Brooklyn Banks is the unofficial name for the area under the Manhattan side of the Brooklyn Bridge. The Brooklyn Banks are an original New York City skate spot, popular amongst the city's skateboarders and BMXers for its unique brick banks and other skateable features. Since the mid 2010s, the Banks have been inaccessible due to the area being used as a storage site for construction on the Brooklyn Bridge.

History
Starting in the late 1980s, significantly before any skateparks in New York City, the Brooklyn Banks provided one of the only banked skateable areas in the city.

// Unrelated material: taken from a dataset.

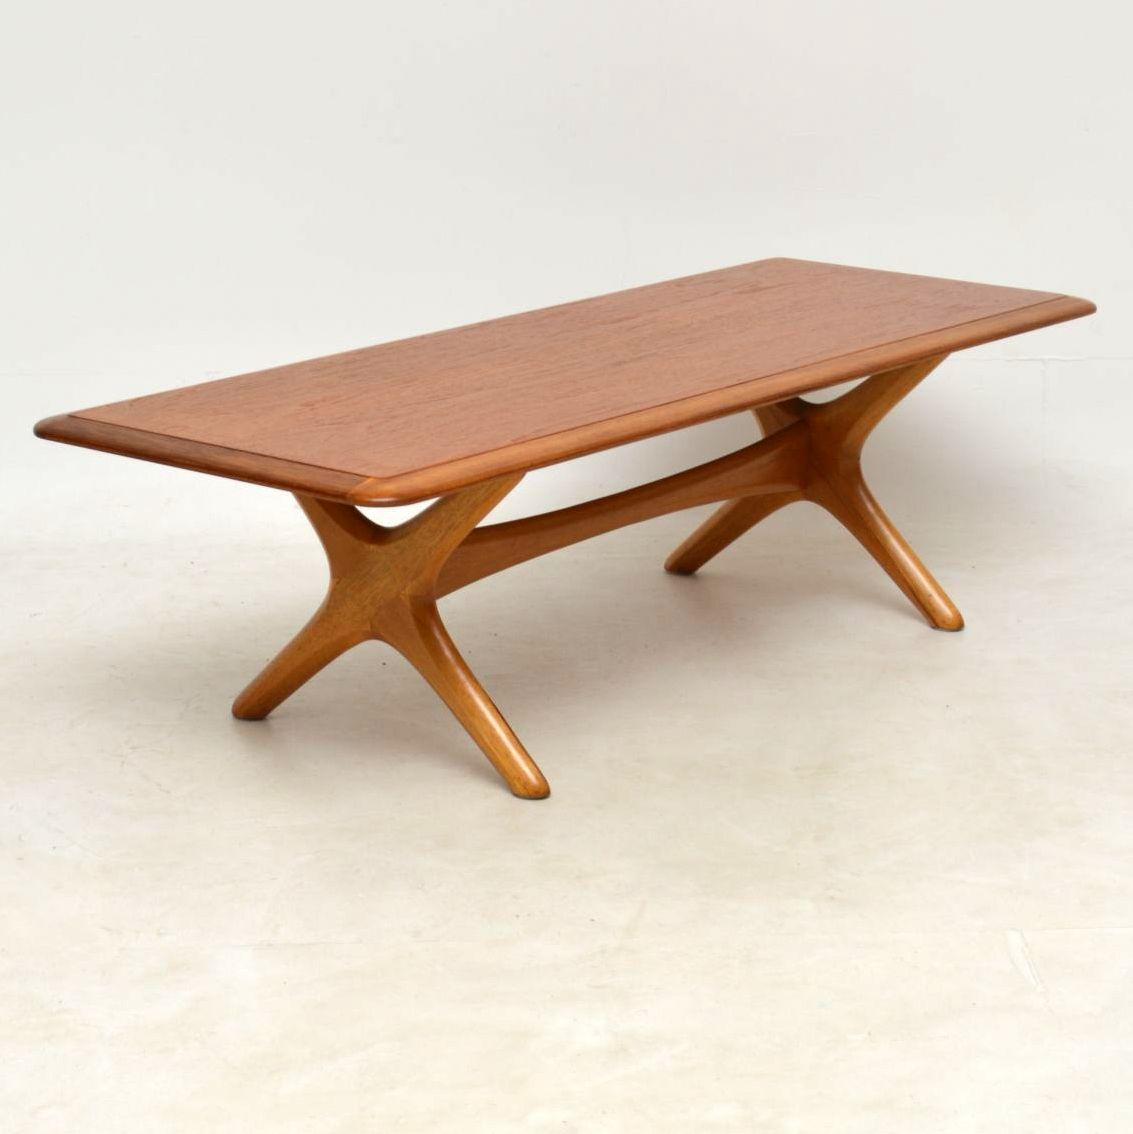 1960 S Danish Teak Vintage Coffee Table Retrospective

The skateboard community has rallied to save the banks on multiple occasions. Led by skateboarder and community organizer Steve Rodriguez, New York City agreed to keep the larger banks for skateboarding in 2005. This movement occurred after the city remodeled over half of the skating spot, destroying the little banks. In 2020, after the New York City Department of Transportation removed all the bricks from the flat ground area, the skateboard community feared the big banks themselves will be next. , a petition to save the Brooklyn Banks garnered over 40,000 signatures.

Recreational use
Due to the terrain (smooth banked surfaces, with multiple objects such as benches, pillars, and stair rails), the area is popular with skateboarders and BMX riders for performing tricks.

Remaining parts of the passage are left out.